What the task requires: Repeat the listing below in full and exactly. Pictures are to be omitted.

Recorded data:

============================================================

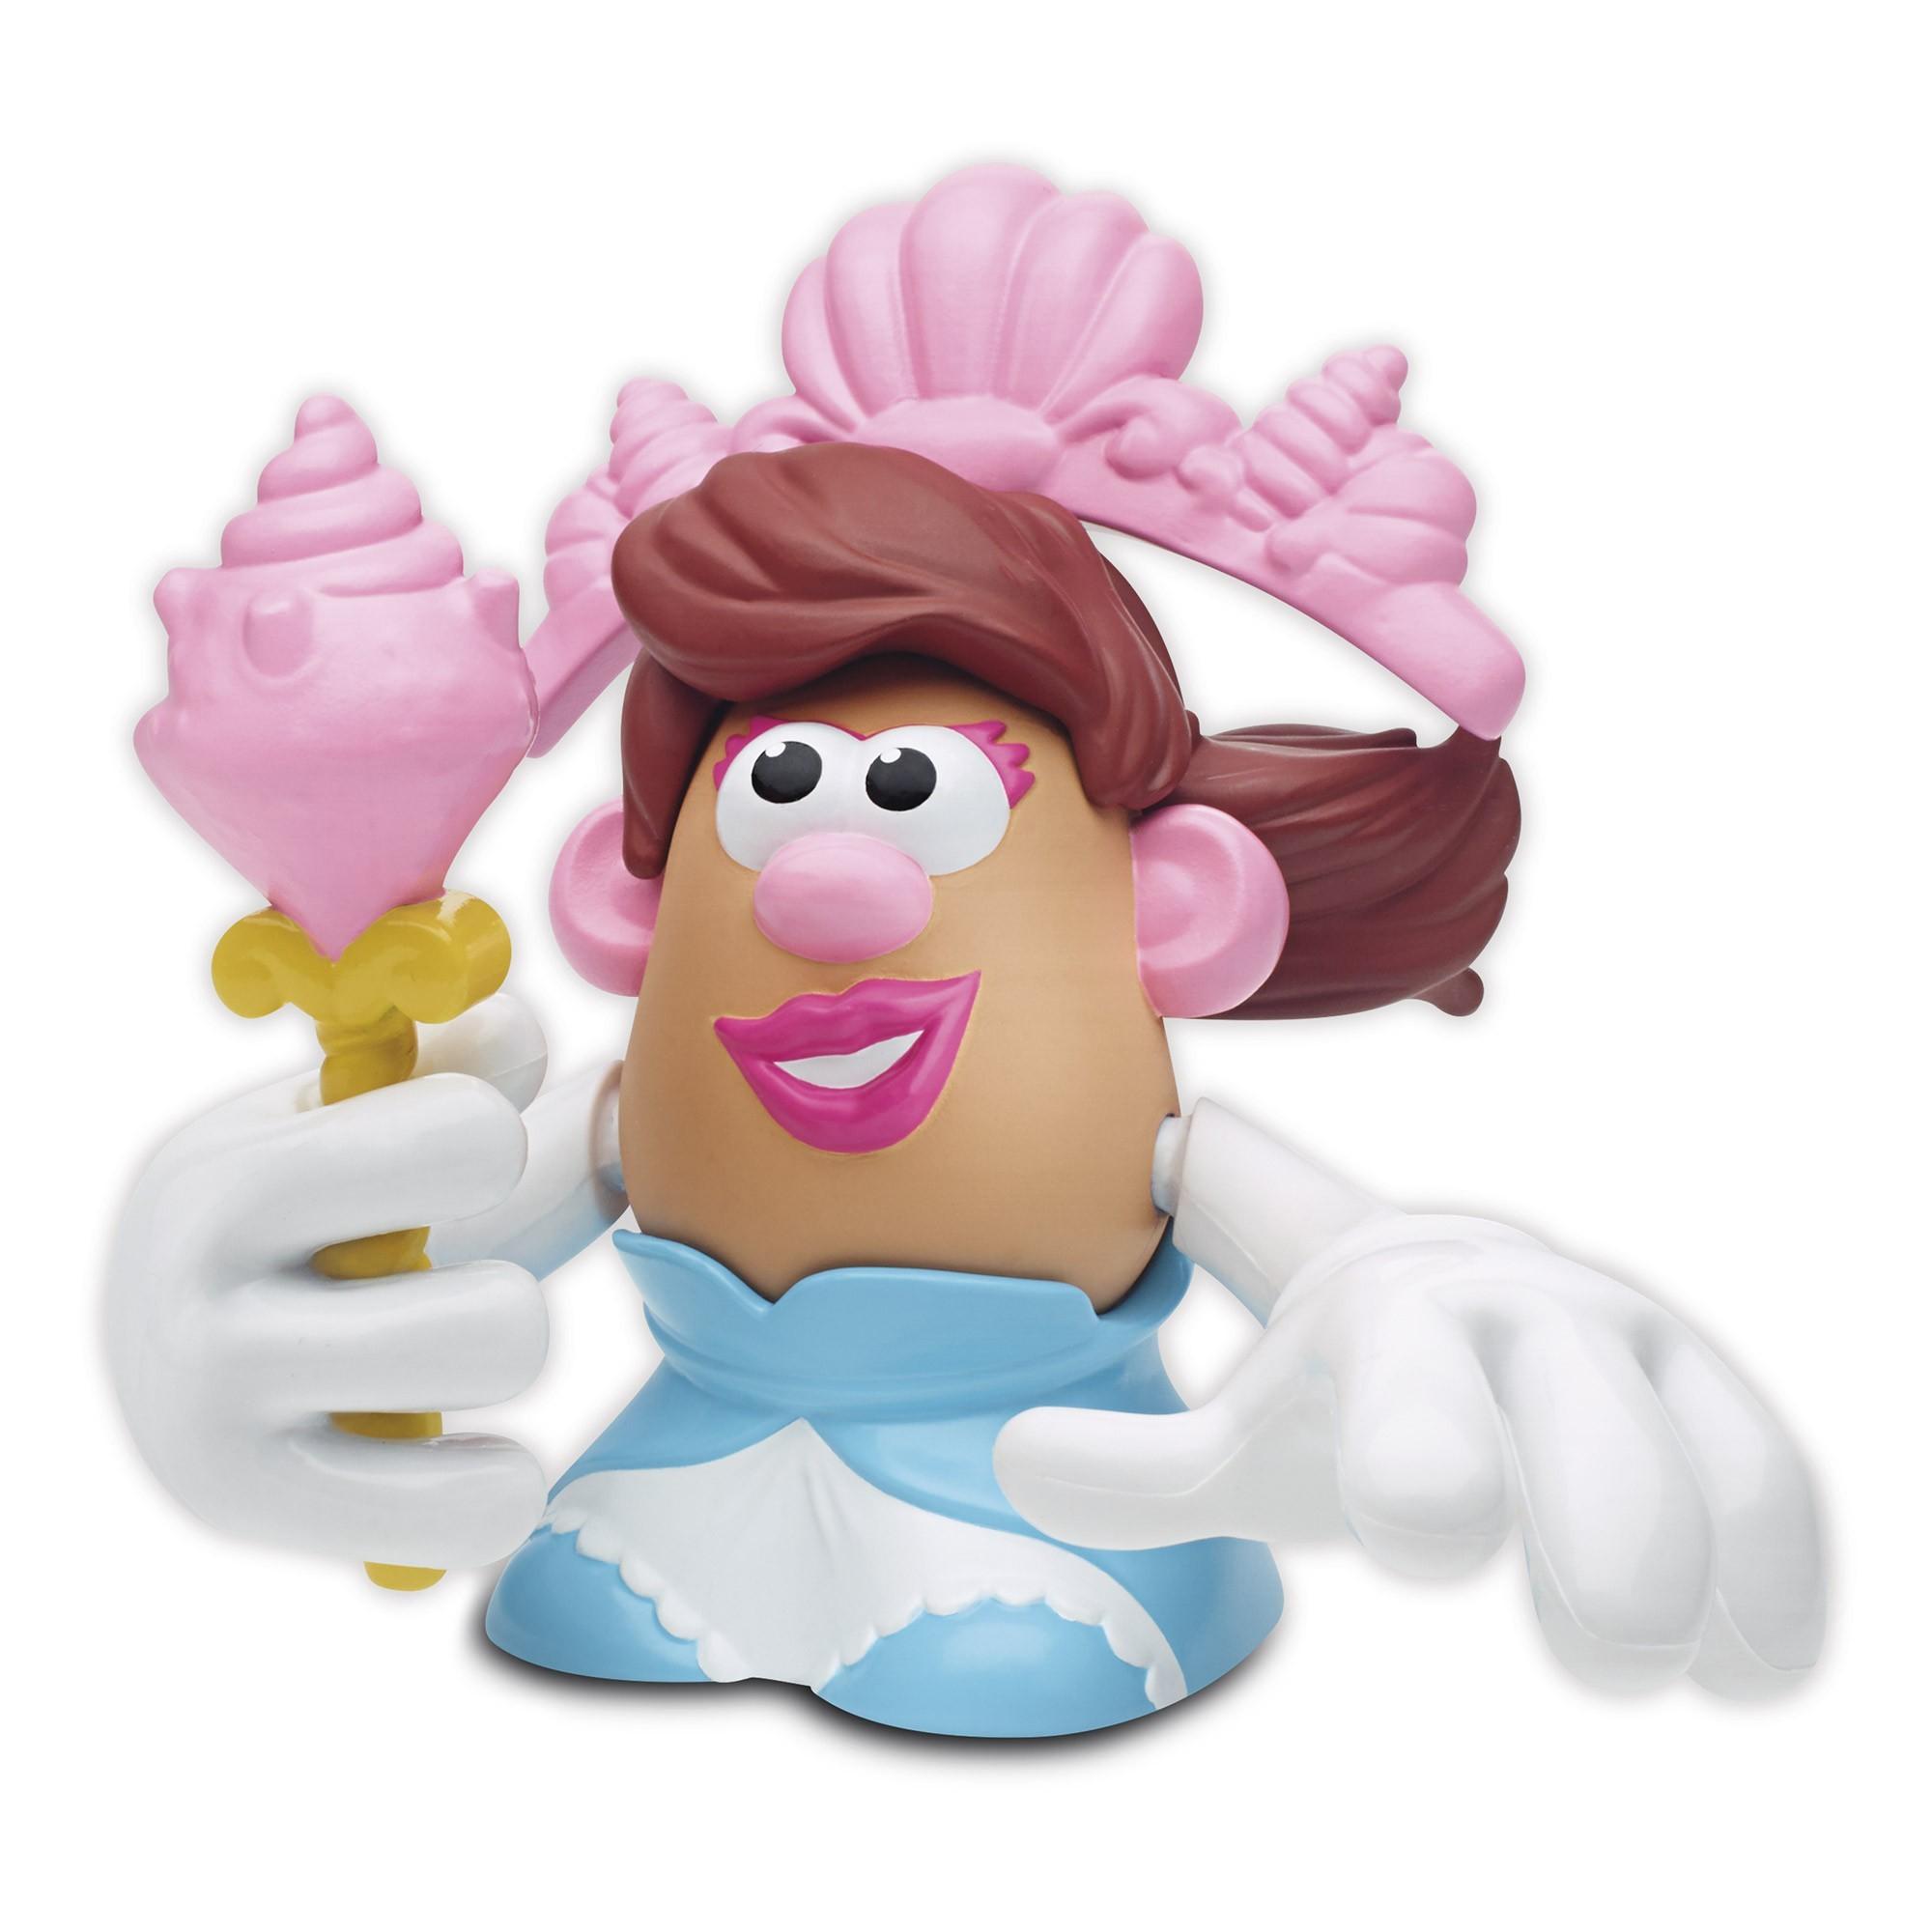 Toy Story - Boneco Sra Cabeça de Batata - Histórias Sereia
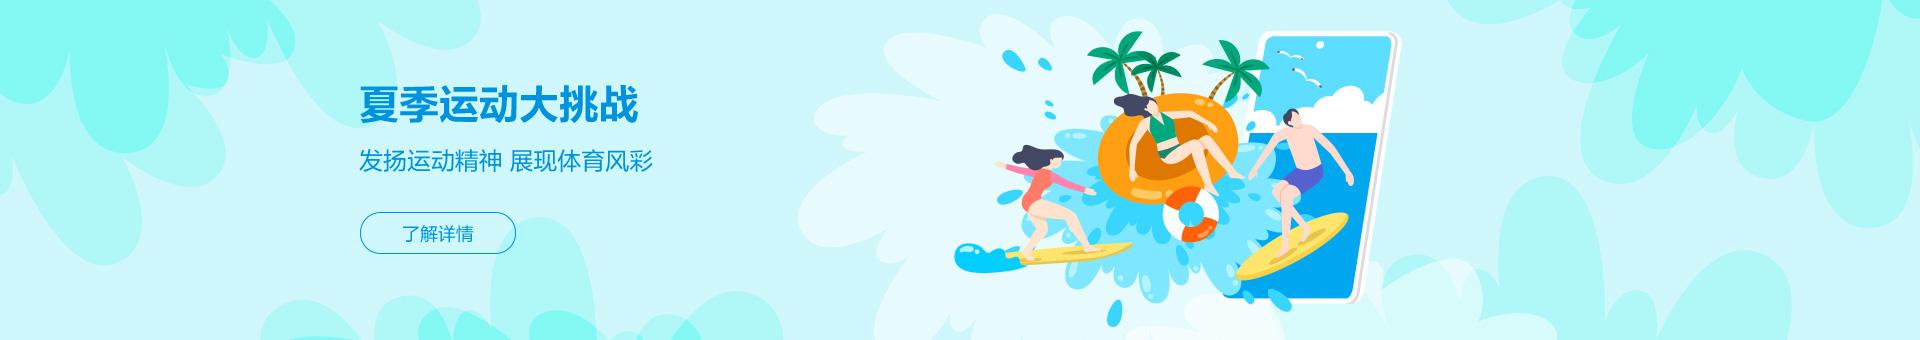 夏季运动大挑战- 发扬运动精神 展现体育风彩
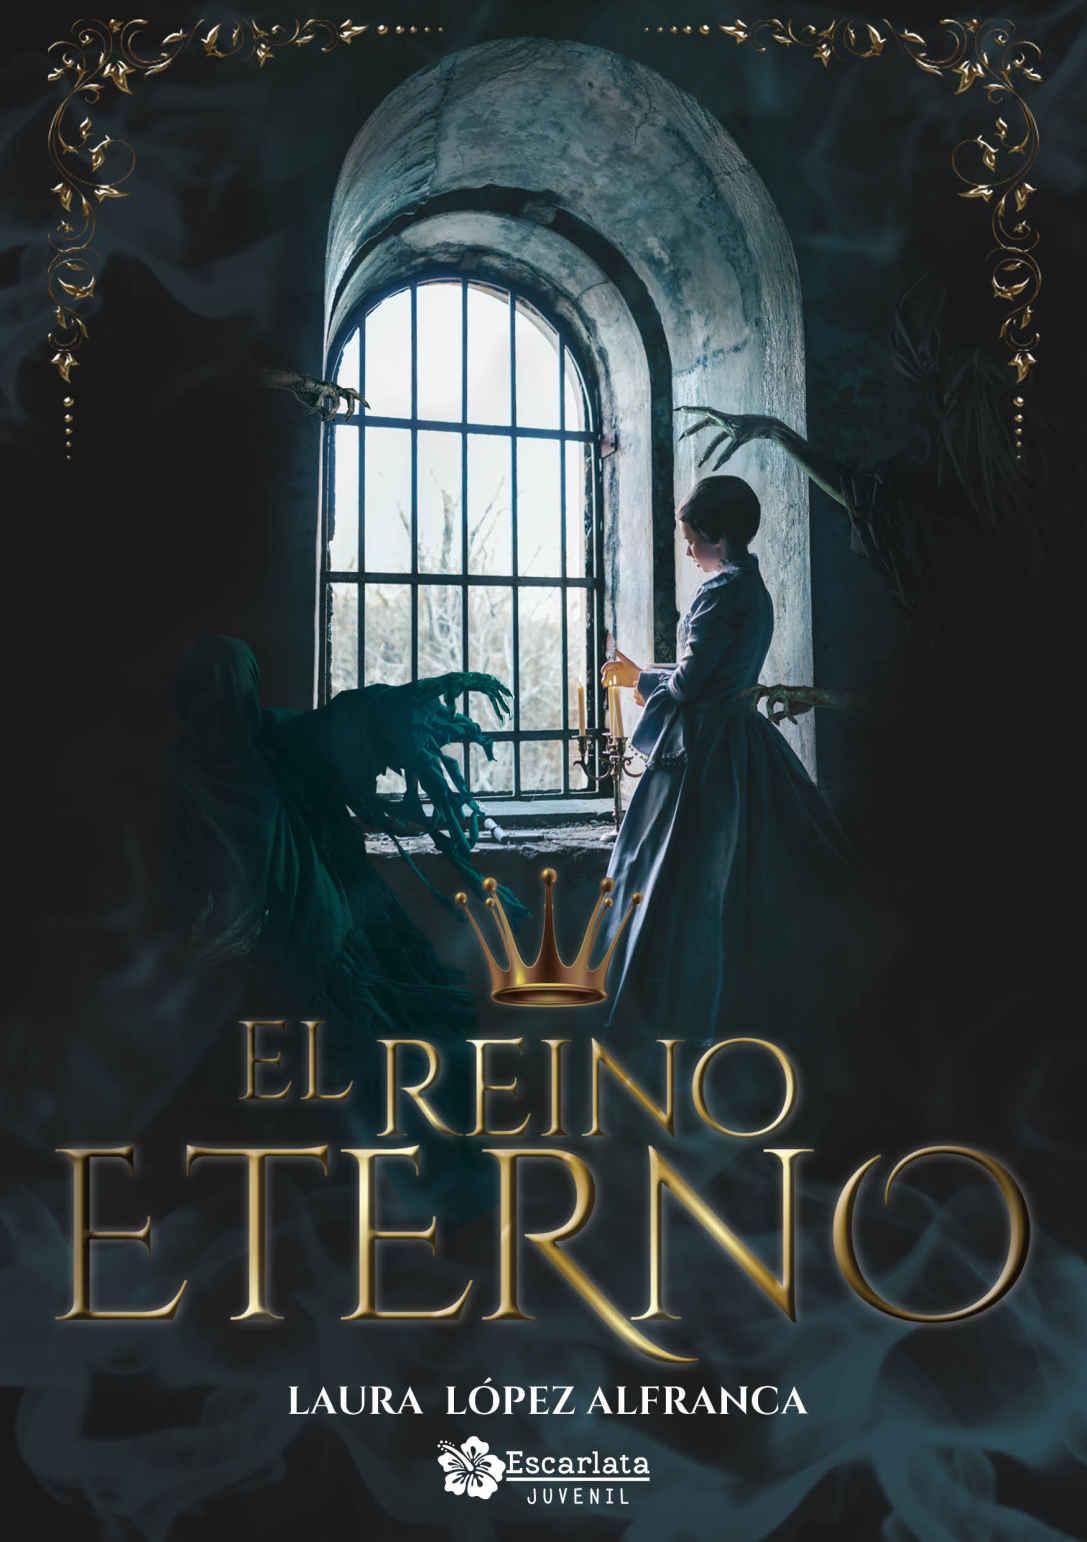 Reseña: El reino eterno - Laura López Alfranca
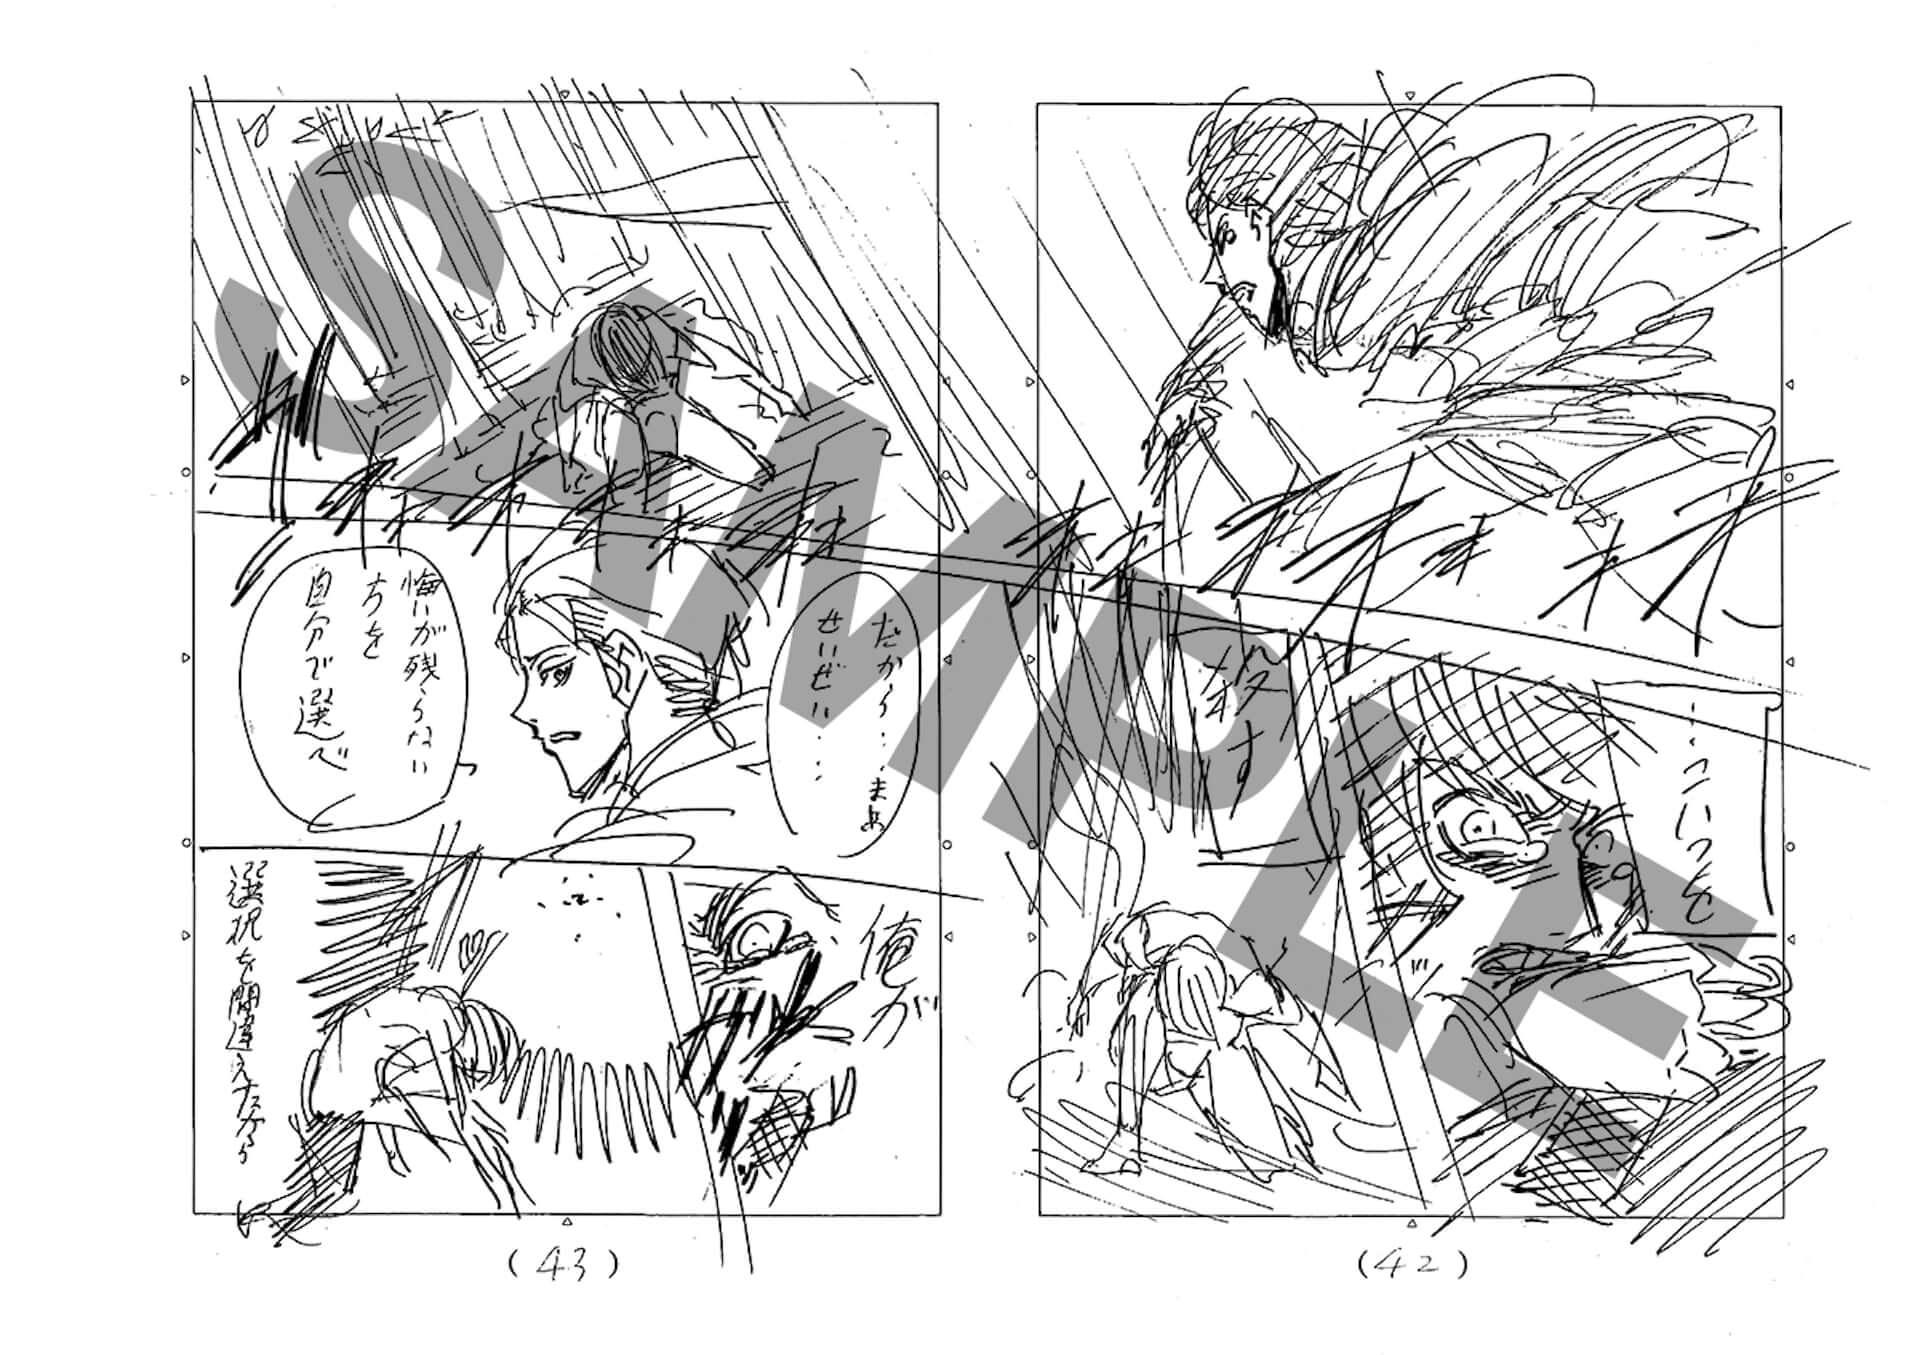 進撃の巨人がひらパーに襲来!<進撃の巨人展FINALinひらかたパーク>が開催|大阪展限定描き下ろしアニメイラストも公開 art190913_shingekinokyojin_hirakata_23-1920x1355

============================================================

Task response:
 Toy Story - Boneco Sra Cabeça de Batata - Histórias Sereia
 夏季运动大挑战- 发扬运动精神 展现体育风彩
 Reseña: El reino eterno - Laura López Alfranca
 進撃の巨人がひらパーに襲来!<進撃の巨人展FINALinひらかたパーク>が開催|大阪展限定描き下ろしアニメイラストも公開 art190913_shingekinokyojin_hirakata_23-1920x1355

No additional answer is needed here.